Google tests screen sharing and custom agents in Antigravity IDE

Google Antigravity's upcoming features, leaked in recent builds, introduce screen sharing for agent runs and support for custom agent scripts and plugins.

· 2 min read
Antigravity

Google appears to be preparing a notable expansion of Antigravity, its agent-first IDE launched in November 2025 alongside Gemini 3. So far, two experimental capabilities have surfaced in recent builds.
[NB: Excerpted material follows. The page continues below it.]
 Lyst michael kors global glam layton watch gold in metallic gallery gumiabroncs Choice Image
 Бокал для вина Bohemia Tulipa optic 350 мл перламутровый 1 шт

The first is a Screen Recording option living inside the Agent Mode prompt composer. Once activated, it lets developers stream their screen to the agent so Antigravity can observe what is happening outside the editor itself. The likely use cases skew toward mobile and desktop development, where an emulator or external runtime sits beyond the IDE's reach, and to live demos, where a developer wants to visually walk the agent through a bug or target behavior. The approach mirrors what Google already ships in AI Studio, where the Gemini real-time model accepts shared screens, and it complements Antigravity's existing browser recordings and screenshots, which until now have been agent-generated rather than developer-supplied.

Antigravity

The second feature sits behind a flag in settings and unlocks Custom Agents and Plugins. Its description tells users to drop Agent Scripts into an Agents directory and place plugins in a plugins folder inside the Gemini configuration directory. In practice, this would let teams define multiple agent personalities or workflows and invoke them on demand for specific tasks, moving beyond the current Rules and Workflows model that has been a frequent point of feedback from developers migrating off VS Code and Copilot. The plugin format borrows heavily from the standard Anthropic introduced for Claude Code, hinting at cross-ecosystem compatibility that would lower the cost for plugin authors targeting both platforms.

Antigravity

Antigravity has been positioned as mission control for parallel agents, yet its customization surface has lagged behind competitors, and its agents have lacked direct visibility into work happening outside Chrome and the editor. Bringing screen sharing into the composer and opening the door to community-built agent scripts would close both gaps at once. No public timeline has been set, though the flagged state suggests something closer to rollout than to early prototyping.